** EXERCISE OBJECTIVE **
Find the line containing "Mord an Wirich", then print it and each following line through the end of the records, exactly and with nothing added; leave out any pictures.
AVAILABLE RECORDS section start
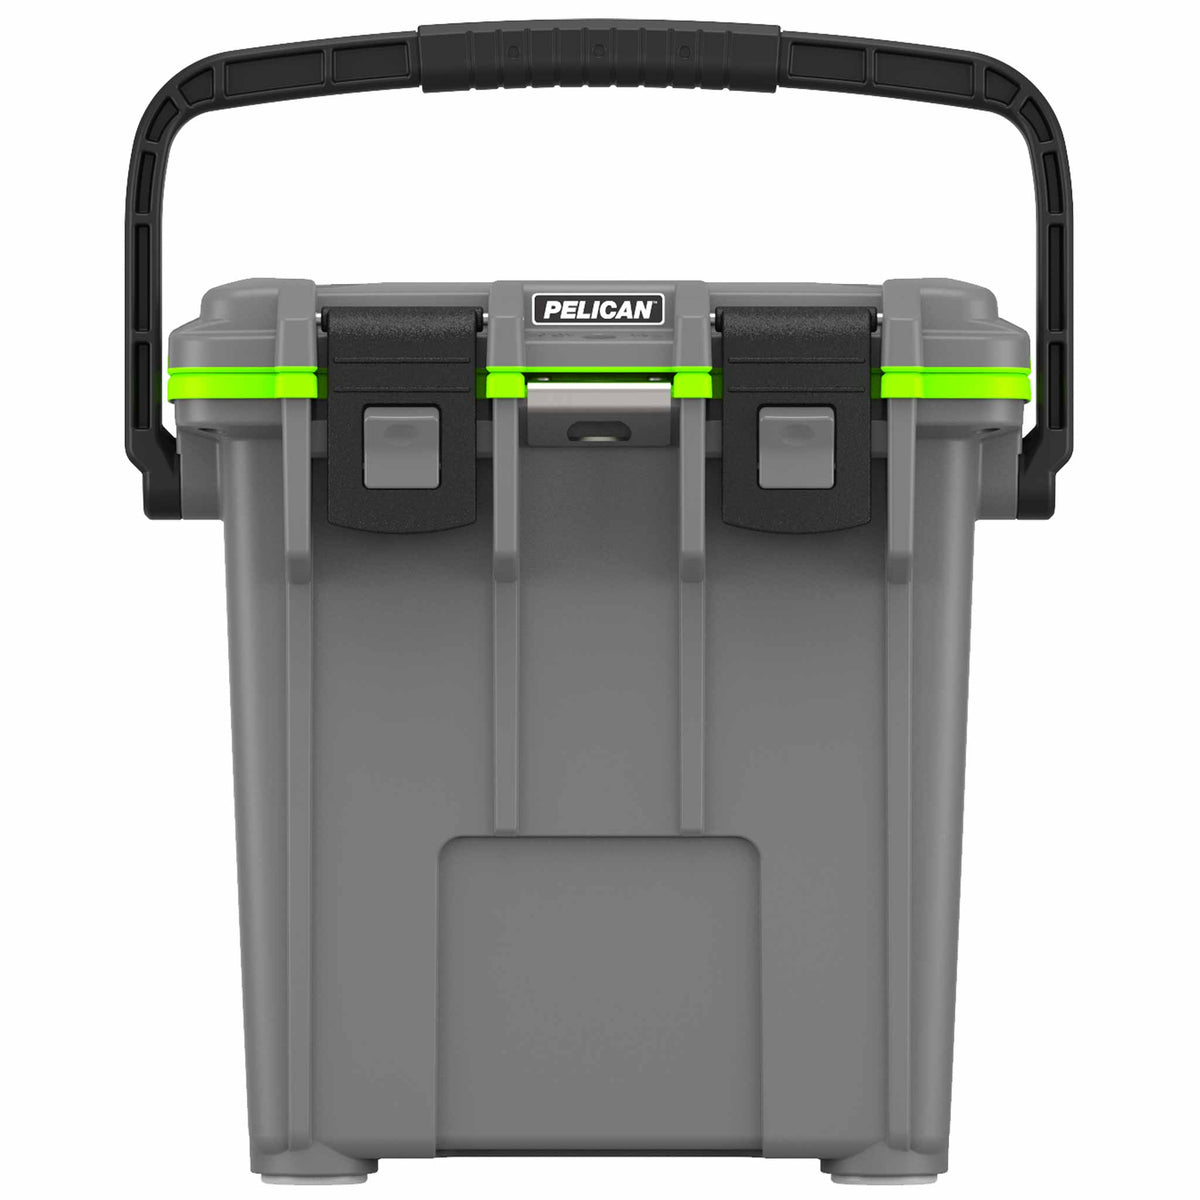 Refurbished Pelican™ 20QT Elite Cooler Cooler in Dark Grey/Green
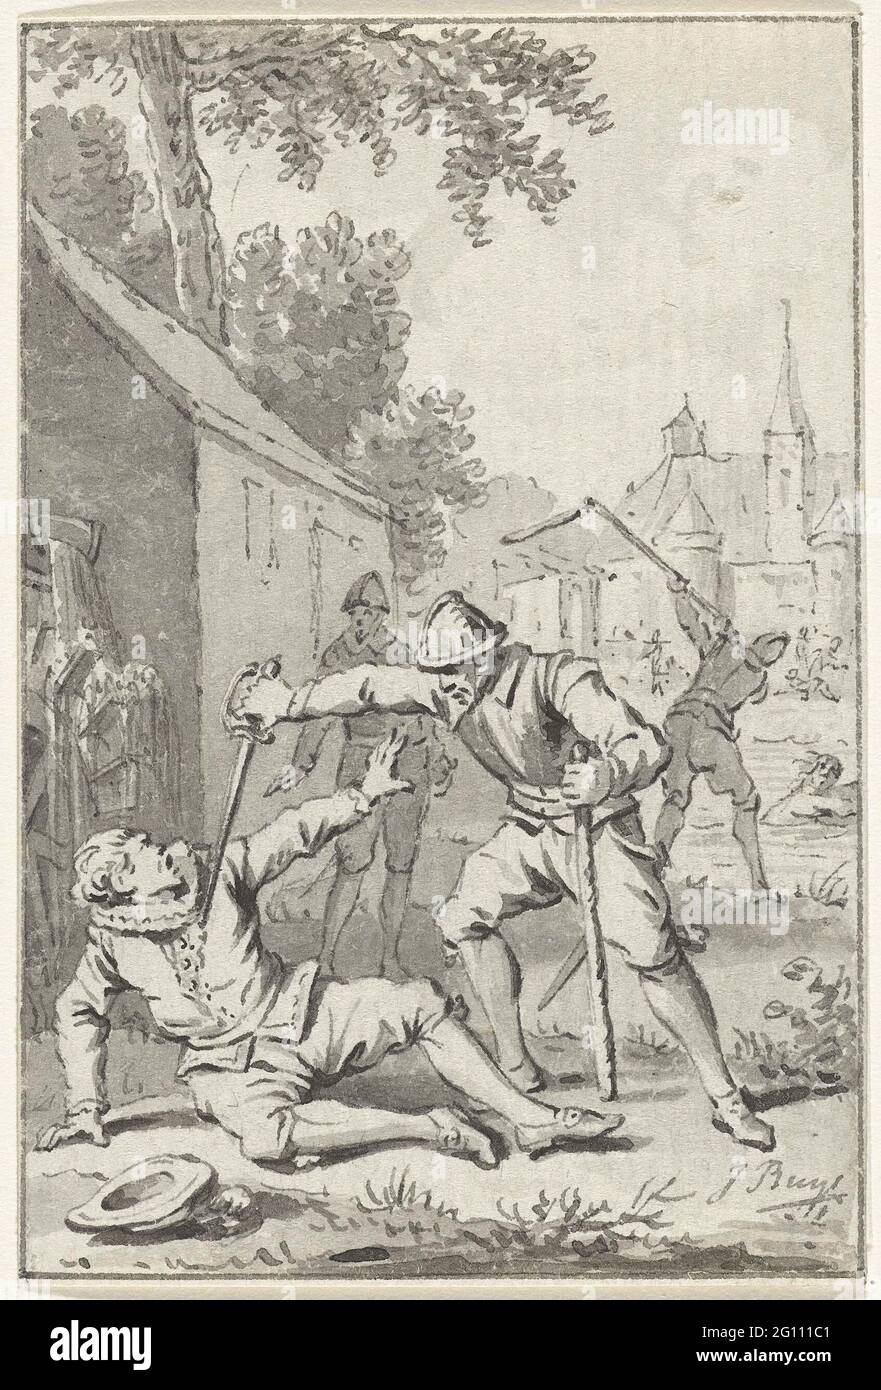 Mord an Wirich von Daun, Graf von Falkenstein, 1598. Der Mord an dem Wirich von Daun, Graf von Falkenstein, durch die spanischen Truppen unter Francisco de Mendoza, wurde am 11. Oktober 1598 begangen. Design für einen Druck. Stockfoto
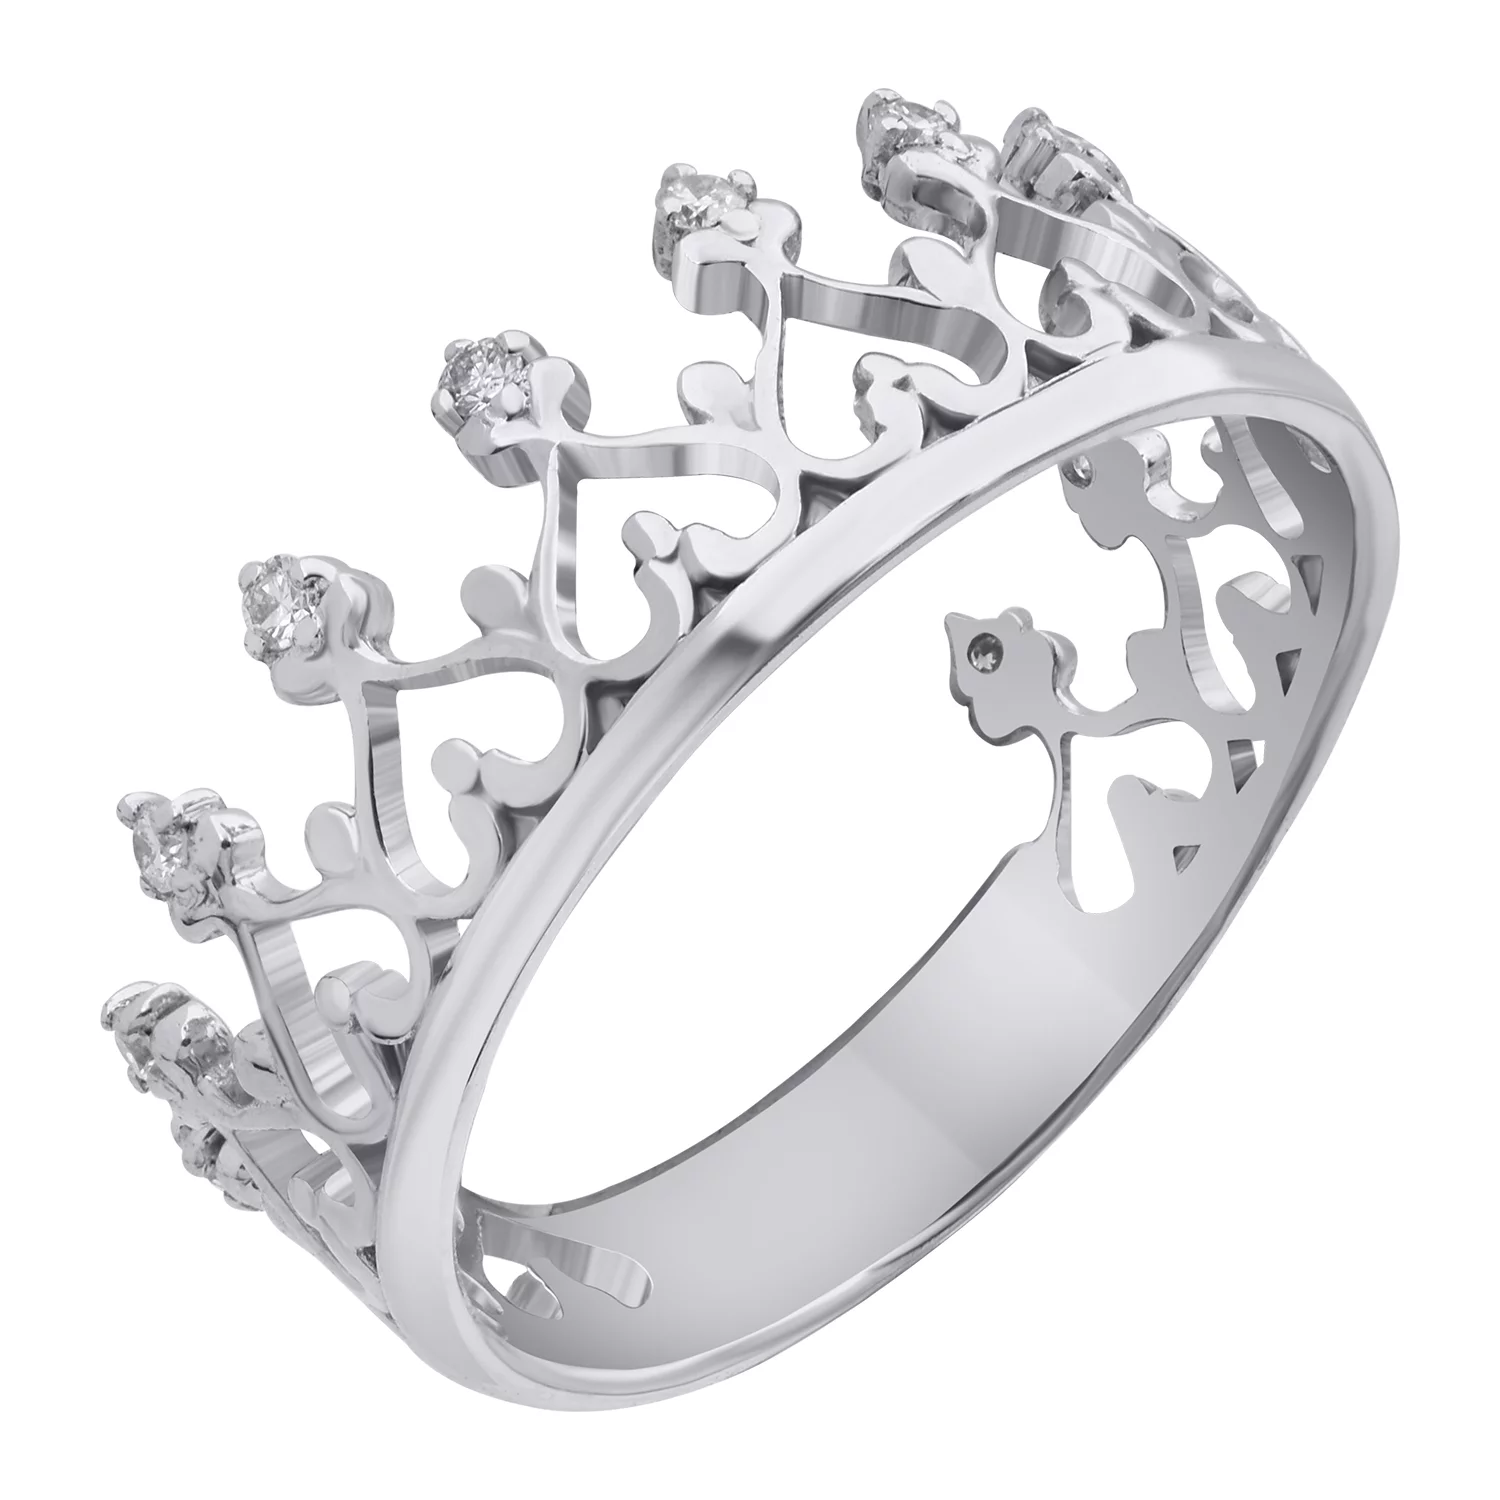 Кольцо Корона из белого золота с бриллиантами. Артикул 1125/1б: цена, отзывы, фото – купить в интернет-магазине AURUM
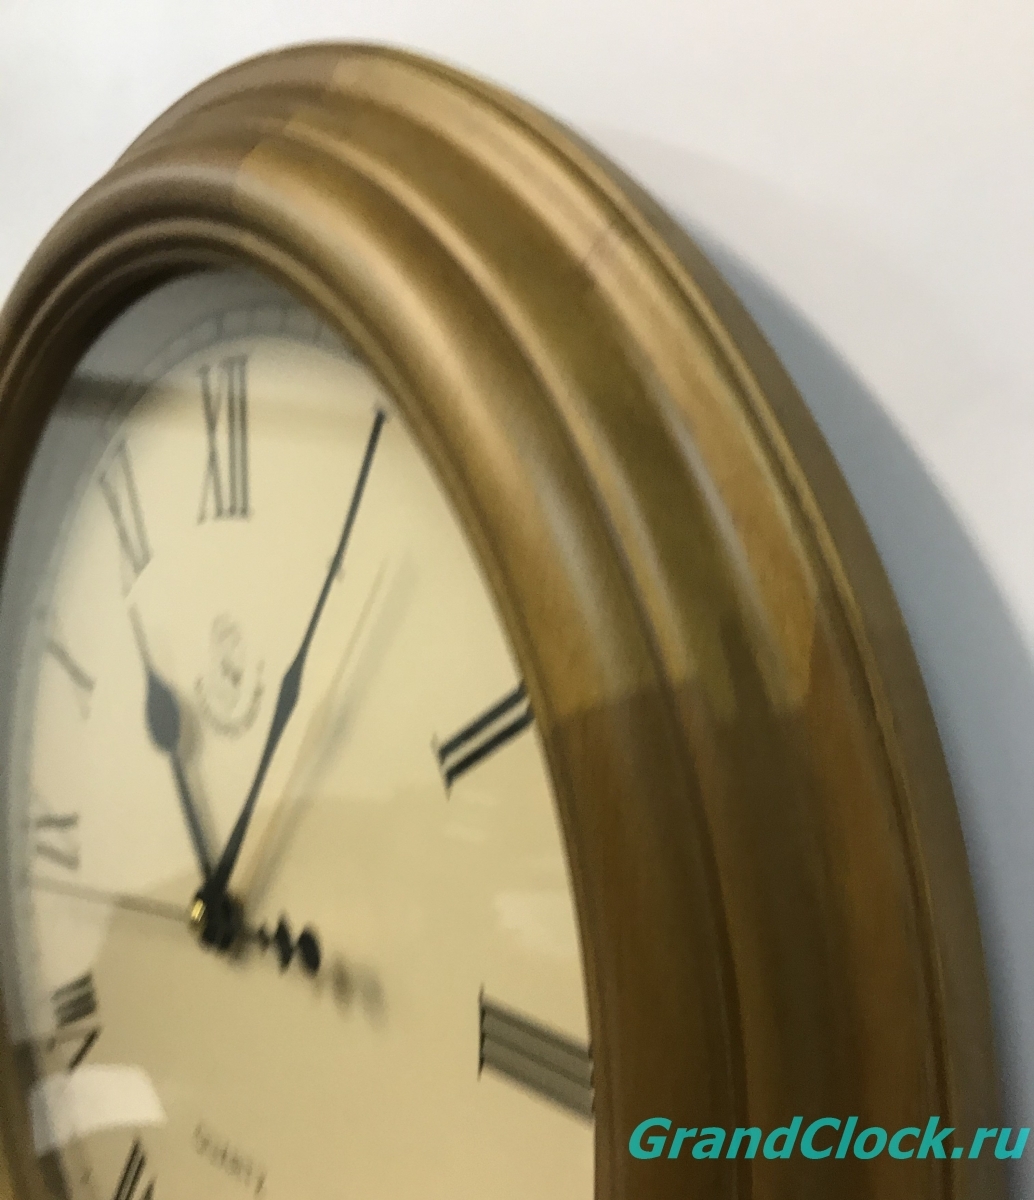 Настенные часы WOODPECKER в деревянном корпусе 8007 (06)
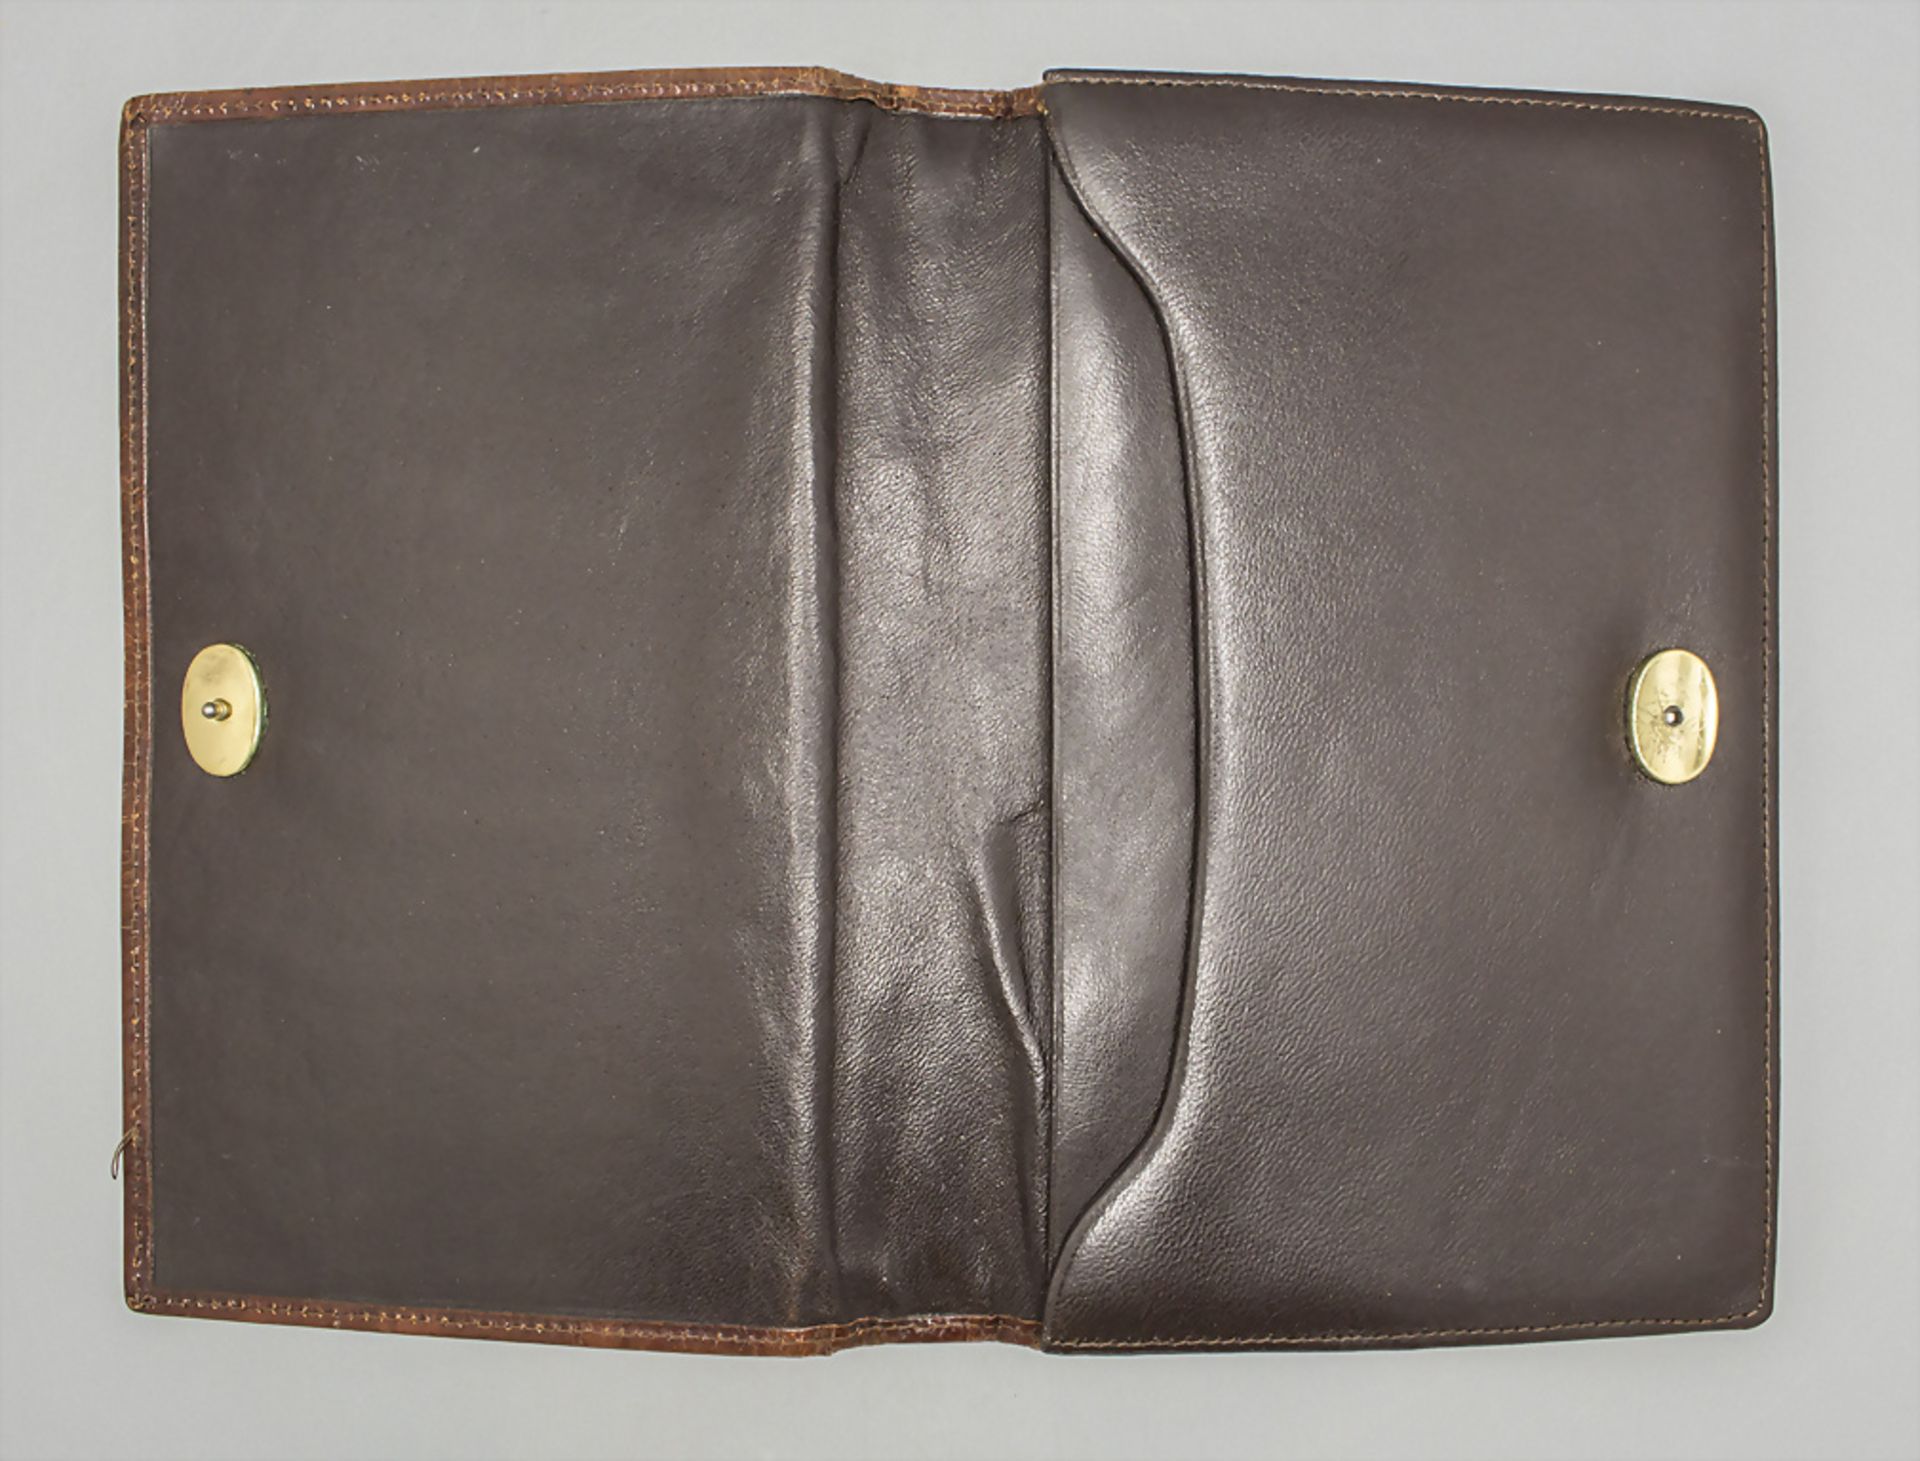 Gemusterte Lederhandtasche / A patterned leather handbag, wohl Italien - Image 4 of 5
AVAILABLE RECORDS section end
** WRITTEN RESPONSE **
 Mord an Wirich von Daun, Graf von Falkenstein, 1598. Der Mord an dem Wirich von Daun, Graf von Falkenstein, durch die spanischen Truppen unter Francisco de Mendoza, wurde am 11. Oktober 1598 begangen. Design für einen Druck. Stockfoto
 Кольцо Корона из белого золота с бриллиантами. Артикул 1125/1б: цена, отзывы, фото – купить в интернет-магазине AURUM
 Настенные часы WOODPECKER в деревянном корпусе 8007 (06)
 Gemusterte Lederhandtasche / A patterned leather handbag, wohl Italien - Image 4 of 5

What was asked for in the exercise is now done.